### TRY IT
Reproduce nothing but the lines from the start of the material through the line that includes "Oasis Double Wall", both ends included, and omit every picture.

### PROVIDED MATERIAL

★ ★ ★

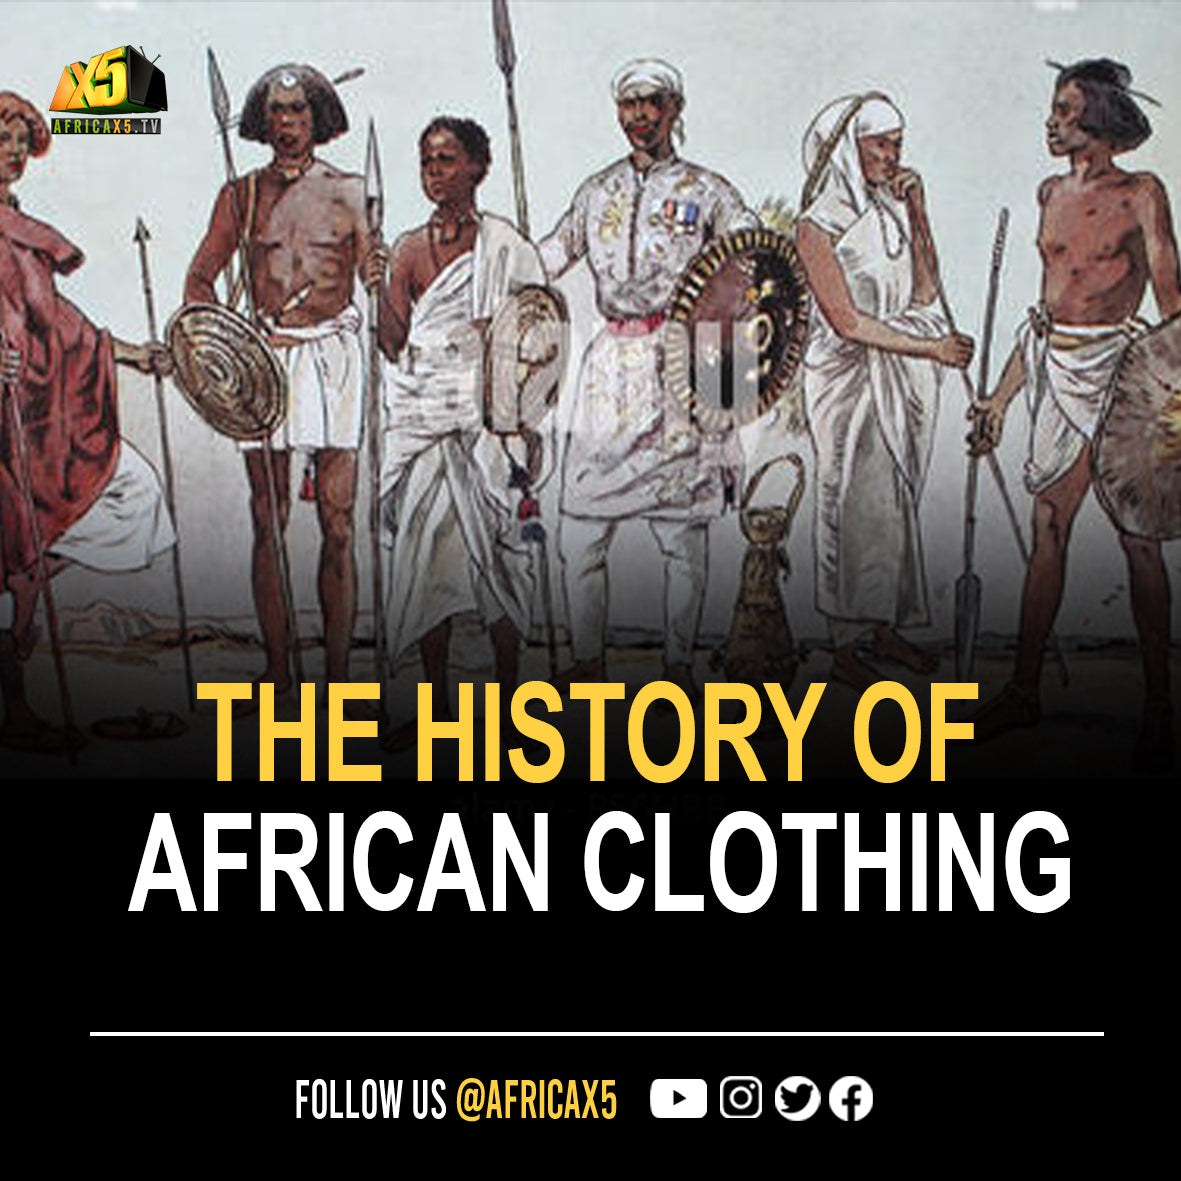 HISTORY OF AFRICAN CLOTHING
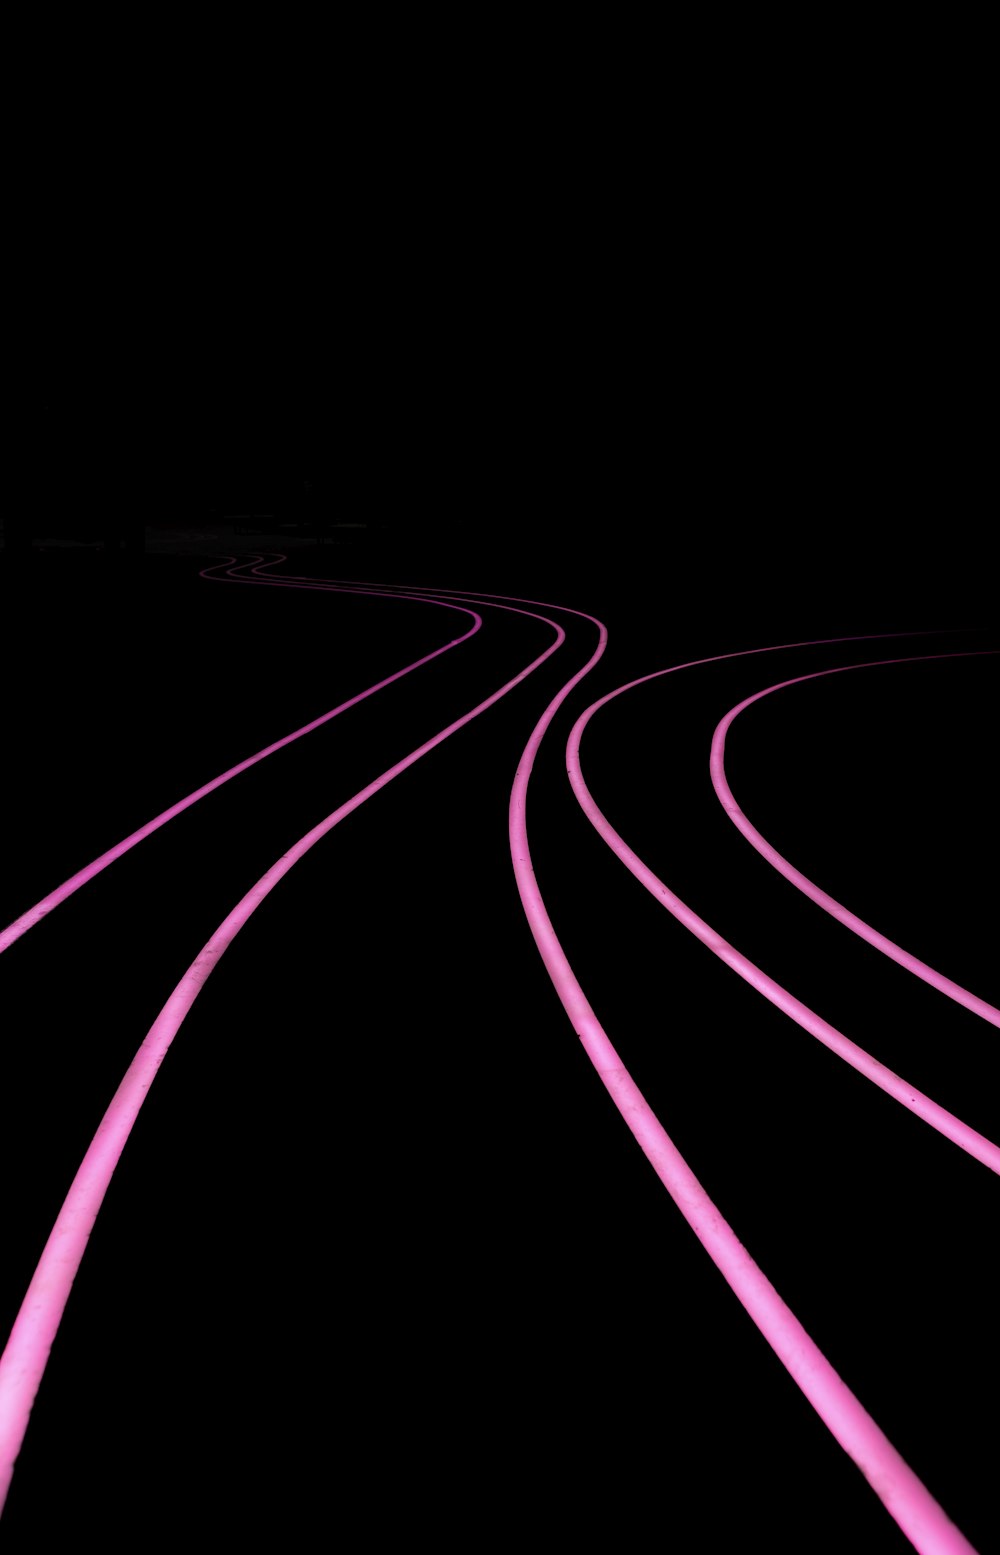 a black and pink photo of a train track
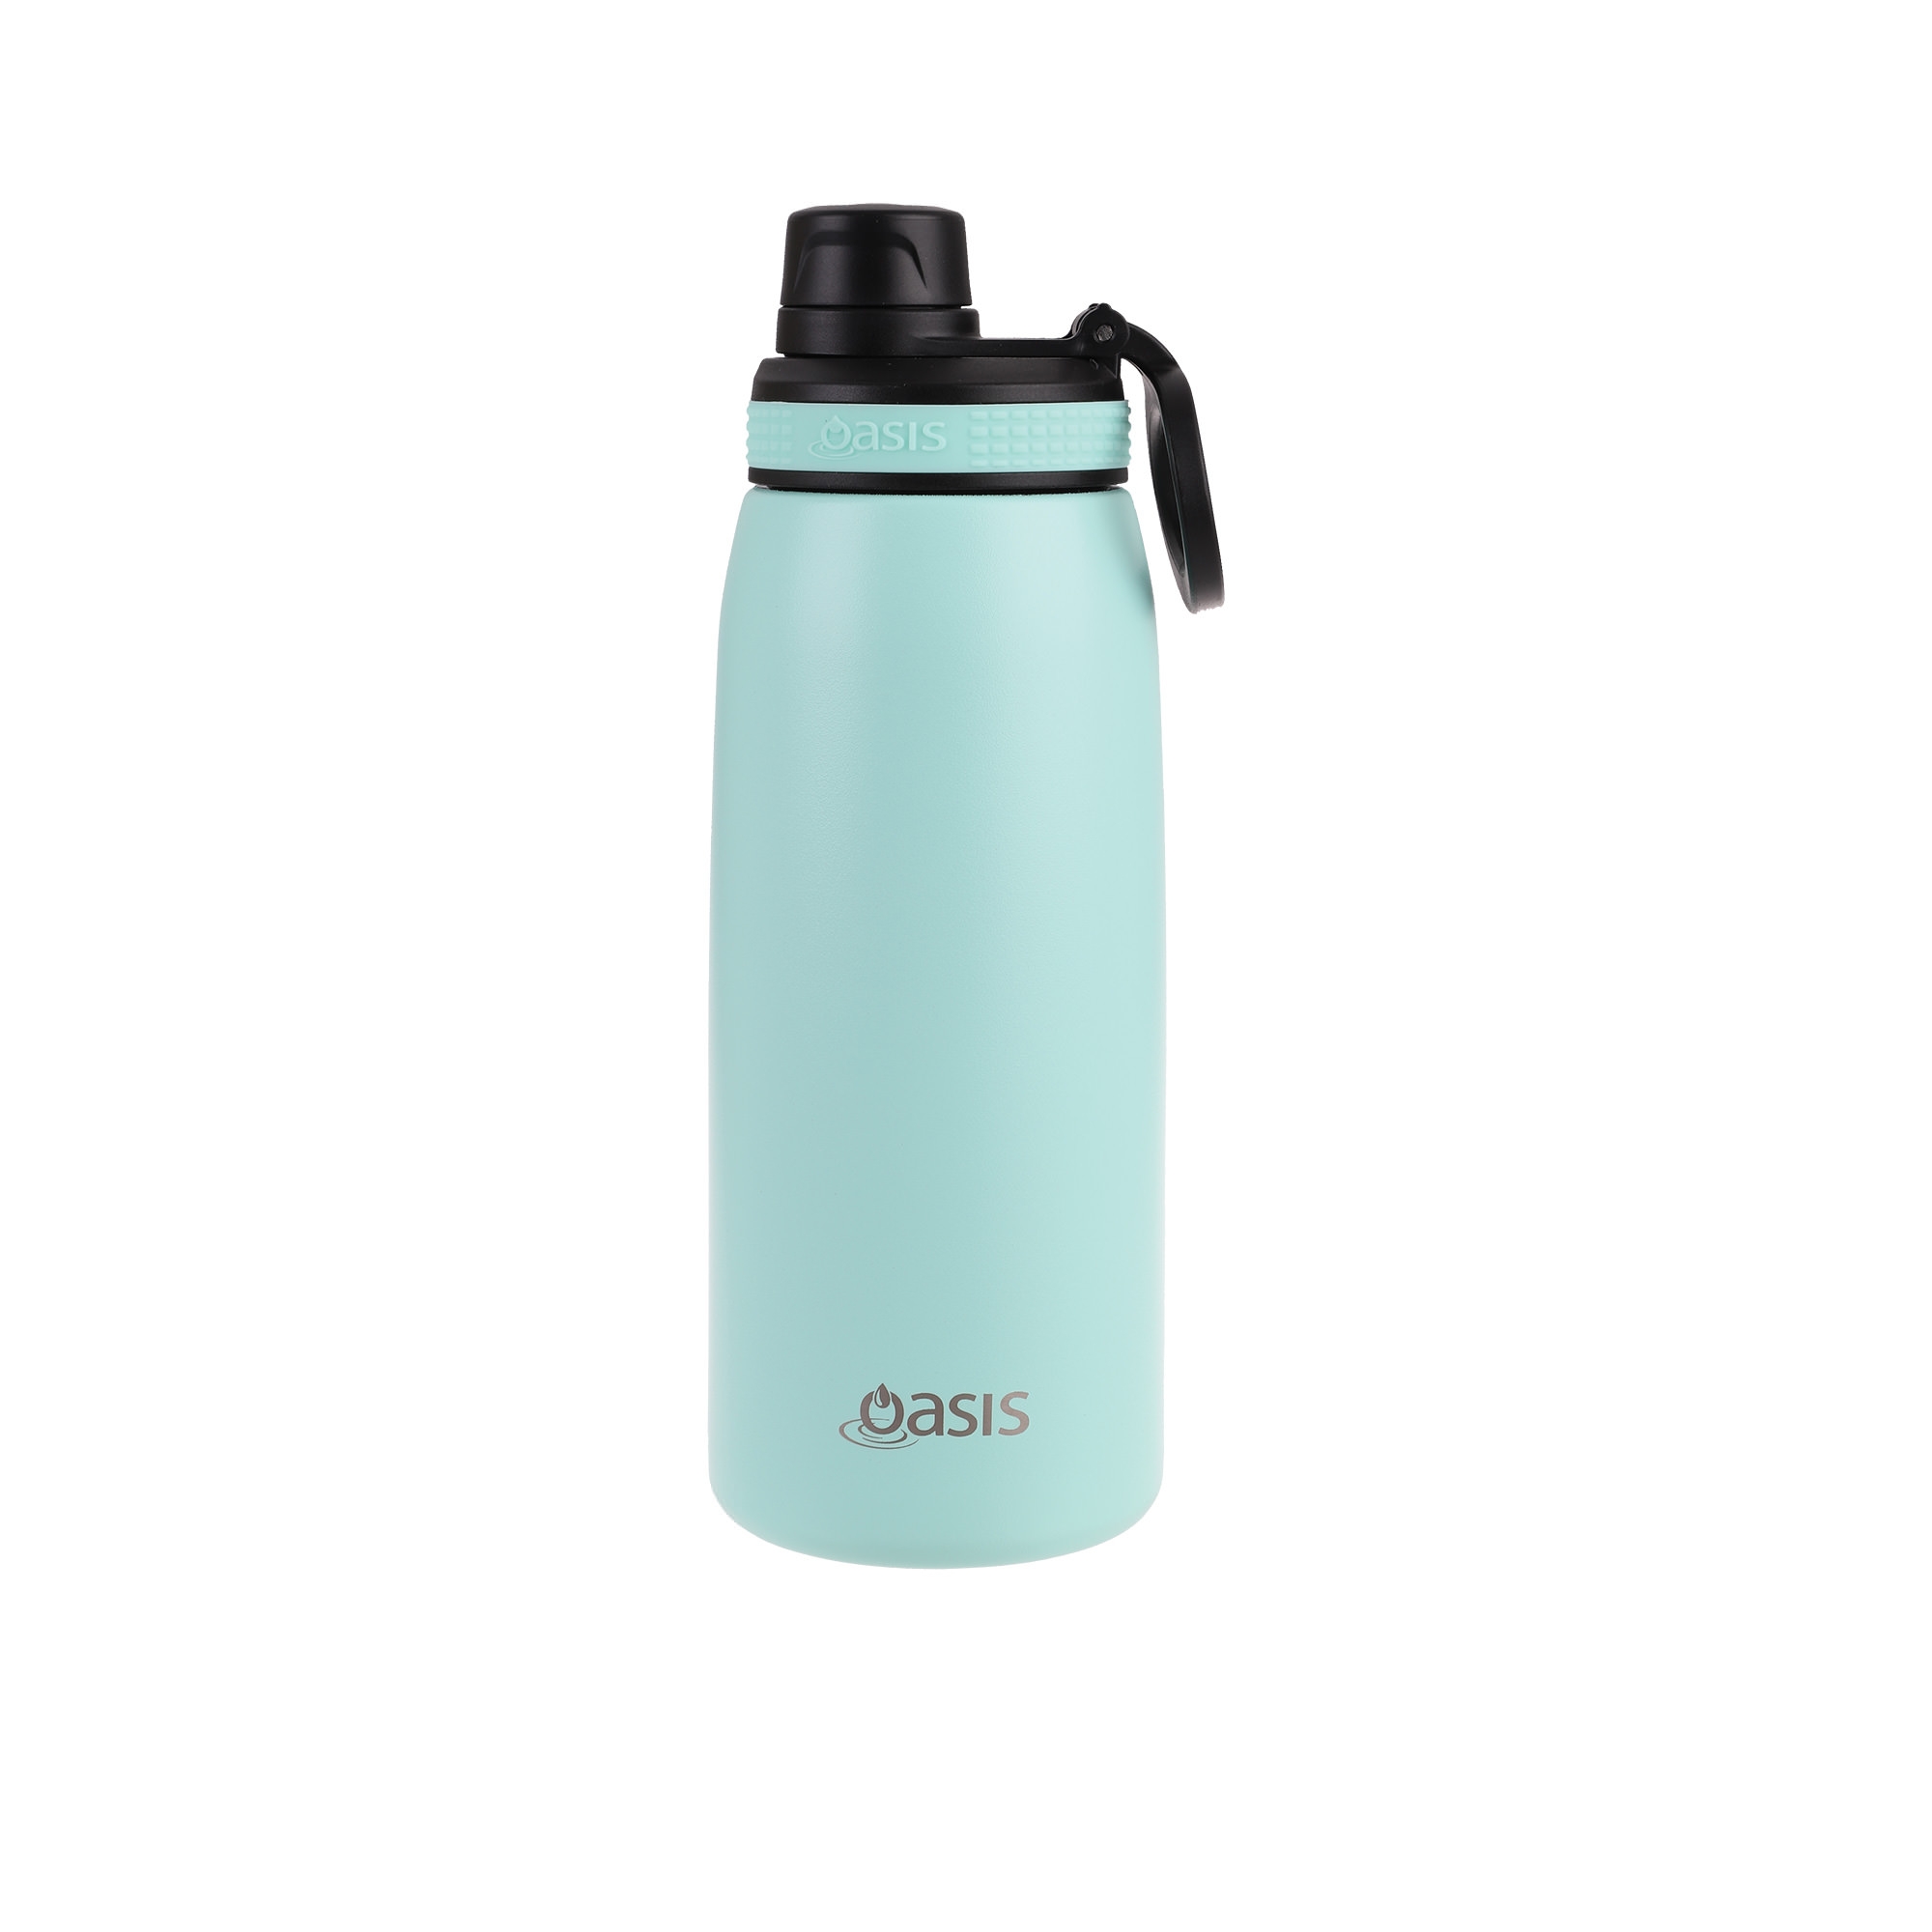 Oasis Double Wall Insulated Sports Bottle 780ml Mint Image 1
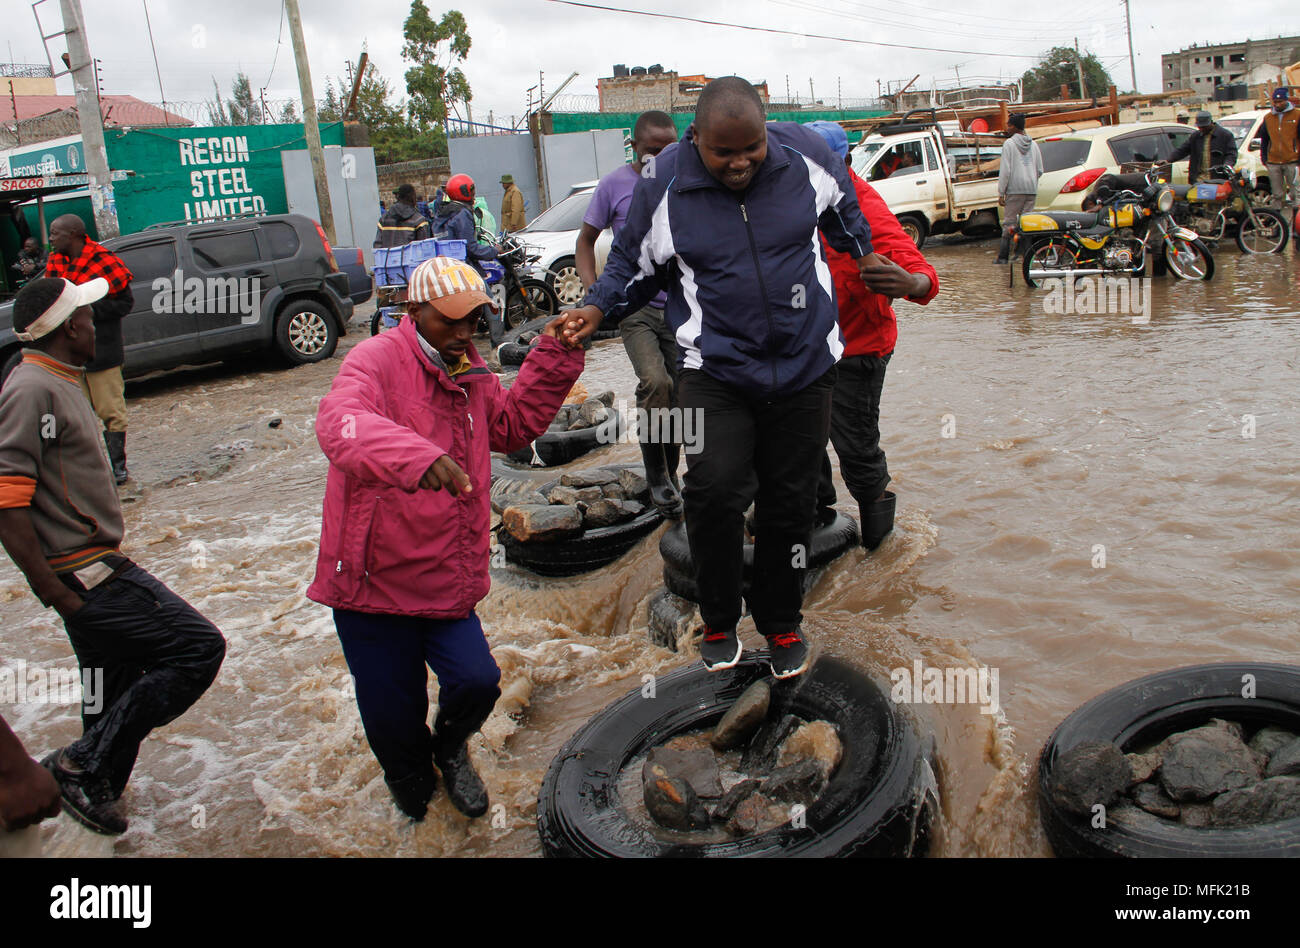 (180426) -- NAIROBI, April, 26, 2018 (Xinhua) -- People use tyres to cross a flooded road in Nairobi, capital of Kenya, April 24, 2018. The Kenya Red Cross Society said on Wednesday that it is providing emergency relief to more than 210,000 people impacted by rising flood waters that continue to wreak havoc in many parts of Kenya. (Xinhua/Fred Mutune)(yk) Credit: Fred Mutune)(yk/Xinhua/Alamy Live News Stock Photo

★ ★ ★

### EXERCISE RESPONSE
 HISTORY OF AFRICAN CLOTHING
 a black and pink photo of a train track
 Oasis Double Wall Insulated Sports Bottle 780ml Mint Image 1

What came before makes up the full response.